Background

Microstructural measures obtained by diffusion tensor cardiovascular magnetic resonance (DT-CMR) with stimulated echo acquisition mode (STEAM) are sensitive to myocardial strain during the diffusion time[1]. Models of this effect consider the myocardium as a jelly-like material[2], but recent studies have questioned the applicability of these models in anisotropic materials like the myocardium[3,4]. We have recently demonstrated a good correspondence between porcine DT-CMR results acquired in-vivo, in-situ arrested, ex-vivo and using histology[5]. However, differences in ventricular loading conditions between the pre- and post-mortem studies confound comparisons. Here we design and test a mechanical CMR compatible phantom which can be used to assess the effects of strain on CMR data and allows a co-registered comparison of DT-CMR in myocardial tissue with and without cyclical strain effects.

Methods

A respiratory motion phantom[6] was modified (figure 1) to cyclically compress slabs of tissue with variable motion trajectories and amplitudes. The phantom consists of a trolley in the scanner bore and a fixed plate. The phantom compresses a slab of tissue between the trolley and the plate and is driven by a microstepping motor and lead screw assembly.
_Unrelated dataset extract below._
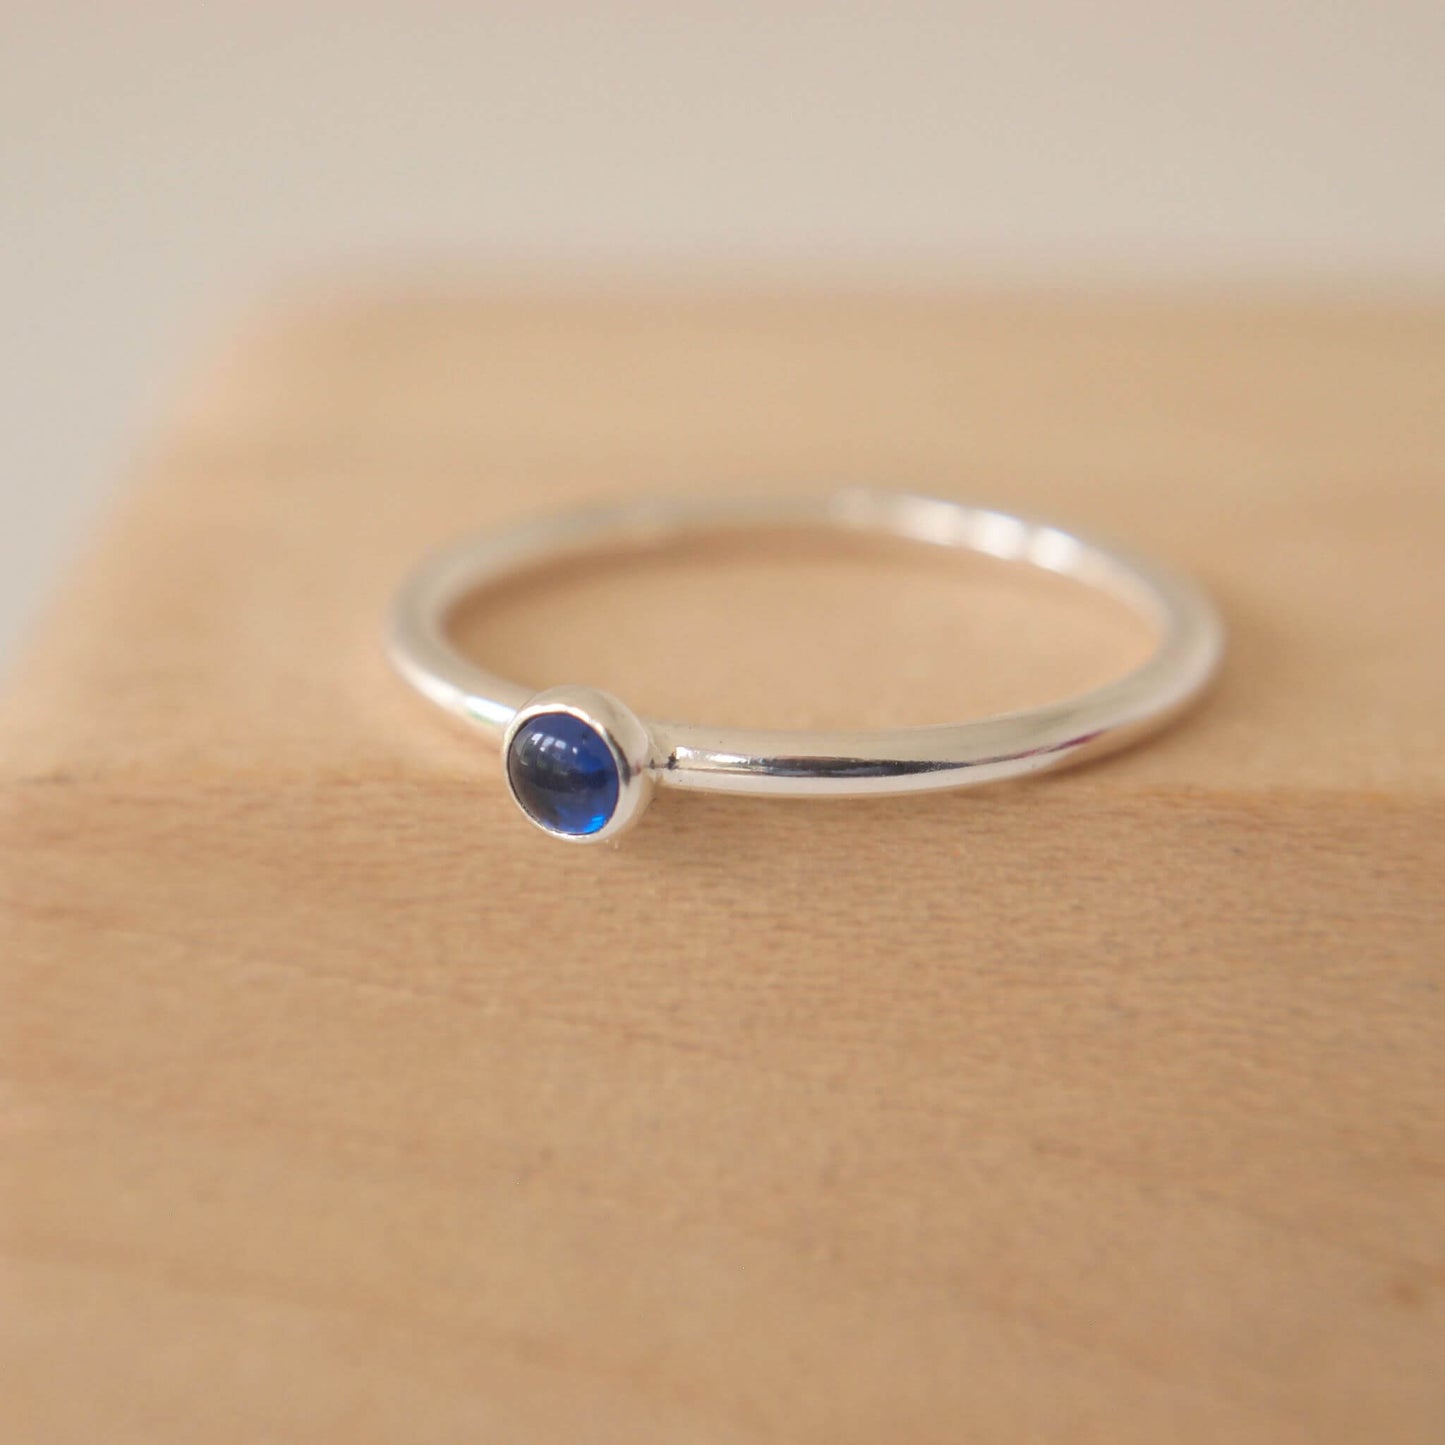 Silver and Lab Sapphire ring on a modern round halo band with a small gemstone. The gem is a 3mm round cabochon in bright primary blue on a simple sterling silver band. Handmade in Scotland by maram jewellery
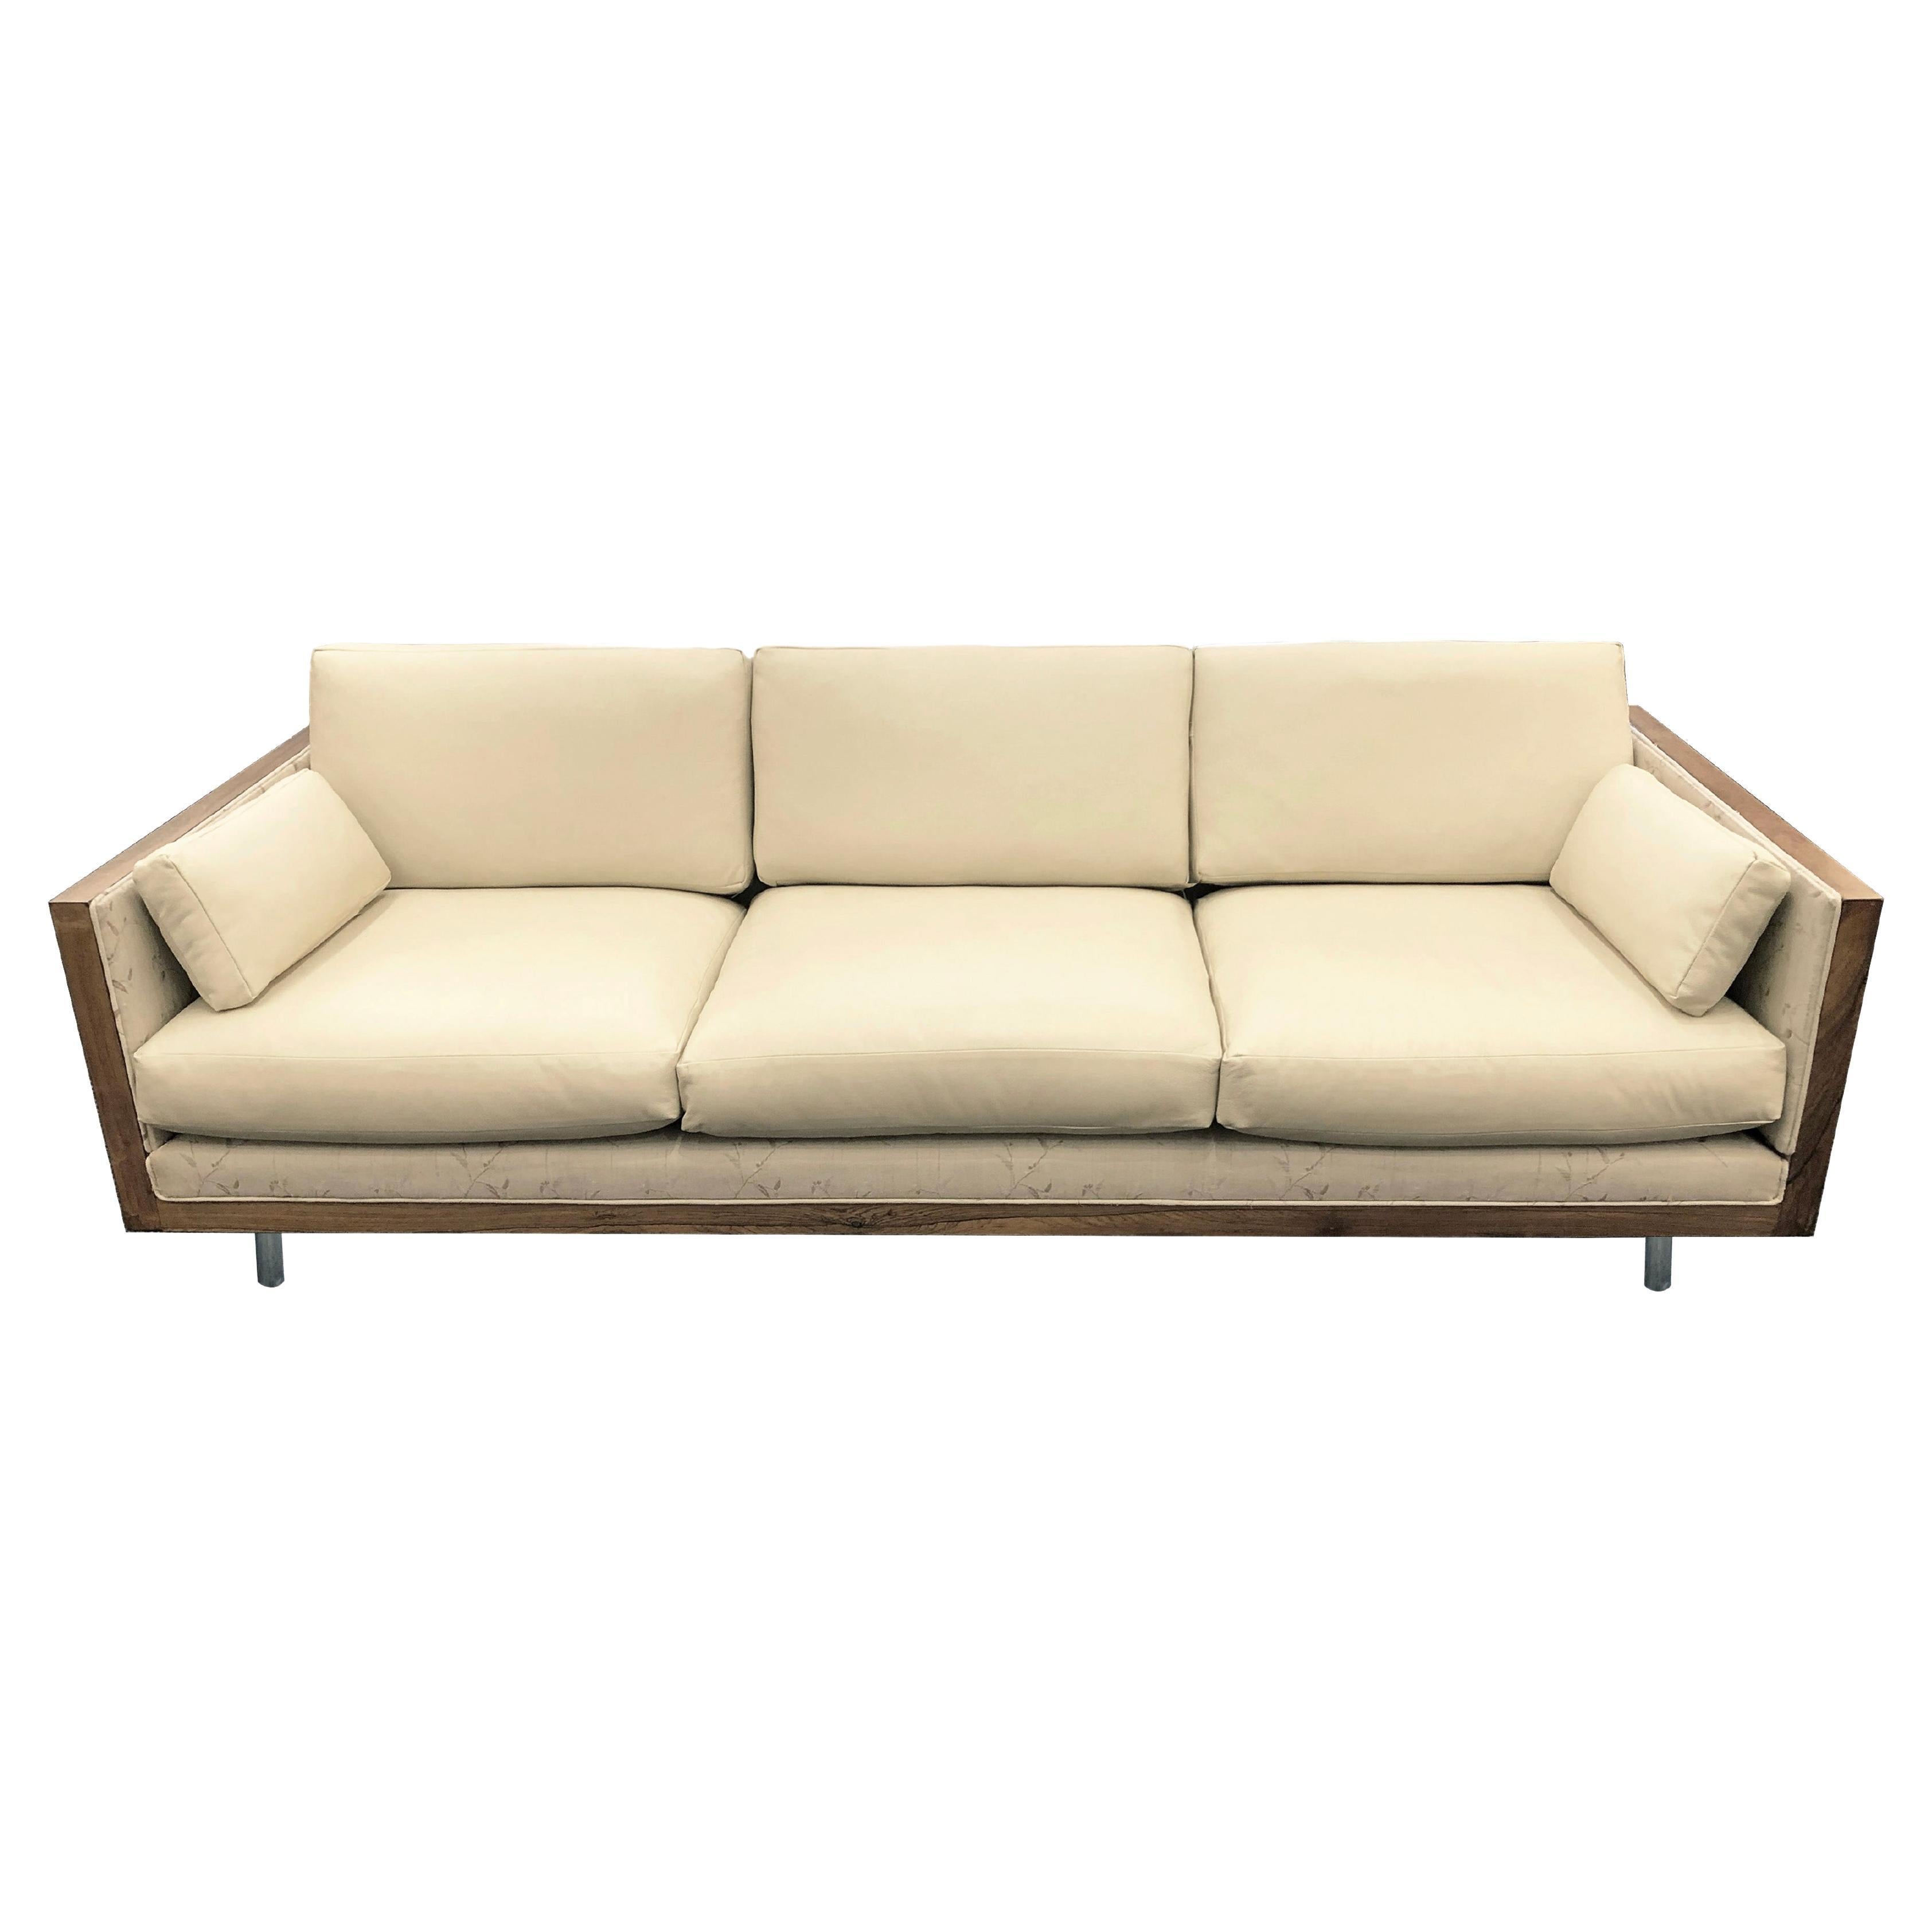 A sofa in the manner of Milo Baughman for Thayer Coggin in warm beige leather wrapped in beautifully figured rosewood, manufactured by Charlton for its

The metallic stepper motor and lead screw are separated from the bore via 2.3m plastic rods. Arbitrary motion trajectories are programmed into the microprocessor controller (Taranis, Smartdrive UK). The microprocessor was programmed to produce trapezoidal and a more physiological sine-squared compression (figure 1), with amplitudes 4-8mm and 1s period. Both traces included a static duration before and after the motion. The microprocessor also provided a signal at the beginning of each period, which was used to simulate an ECG and trigger the scanner. A jelly (Rowntrees UK) ~100x100x13mm³ and later a section of mid-myocardial ventricular septum (~70x50x13mm³) from a fresh lamb heart obtained from a butcher’s shop, ventricular weight ~200g, were used as test objects. Imaging was performed at 3T (Siemens Skyra) using a flexible surface coil, placed on top of the test object. DT-CMR was performed using monopolar STEAM-EPI, 6 diffusion directions and b=500smm^-2, while the phantom was static in both the relaxed and compressed positions. The acquisition was then repeated whilst the phantom was moving cyclically, with data acquisition triggered to compressed, relaxed and intermediate states. Compression was transmural, along the shortest dimension of the test object and the imaging plane was short-axis-like. Spiral cine displacement encoding with stimulate echoes (DENSE)[7] was also acquired to measure strain in the test objects. DT-CMR data was processed using in-house MATLAB tools[3] and parameters including mean diffusivity (MD), fractional anisotropy (FA) and tensor mode[8] were calculated. Absolute elevation angle was calculated as a surrogate for helix angle due to the differences in geometry between the test object and a heart. Strain information was extracted from the DENSE data using the DENSEanalysis tool from the University of Virginia[9,10].

Results

Figure 2 shows example DT-CMR parameter maps for the jelly and lamb septum whilst static and moving cyclically while the water molecules diffuse. The parameter maps appear similar between the uncompressed and compressed static states in both the jelly and the lamb heart, but demonstrate a clear increase in FA, greater coherence in tensor mode and absolute elevation angle in the jelly with the effects of strain. Figure 3 compares the diffusion tensor in jelly and the sheetlet plane (1^st and 2^nd eigenvectors) between equivalent static and moving acquisitions. In the jelly, the tensor glyphs are elongated along the direction of compression and compressed in the perpendicular direction in the data acquired during trapezoidal motion in the uncompressed state (Figure 5A, central panel) and the opposite is true in the moving compressed acquisition. For the lamb septum, the glyphs rotate between the relaxed and contracted states for both the static and dynamic acquisitions. Figure 4 shows the distortion of the diffusion tensor in jelly caused by sine² motion when acquired at various stages of compression. Figure 5 shows pixel displacements and mean strain curves obtained using in the phantom and the sine² trajectory. As the phantom is compressed, tissue stretches in the directions perpendicular to the compression.

Conclusion

We have developed a phantom able to simulate myocardial contraction in order to directly assess the contribution of strain to DT-CMR data acquired using STEAM. Despite the absence of active cardiomyocyte contraction these initial results suggest that the sheetlets rotate when the myocardium is compressed. The phantom can also be used to assess the performance of other sequences in the presence of strain or in assessing the performance of techniques used to measure strain and we have demonstrated initial results using DENSE.

Acknowledgements

We would like to thank Robin Hardie and the Clinical Engineering Department at the Royal Brompton Hospital for their assistance in the construction of the phantom.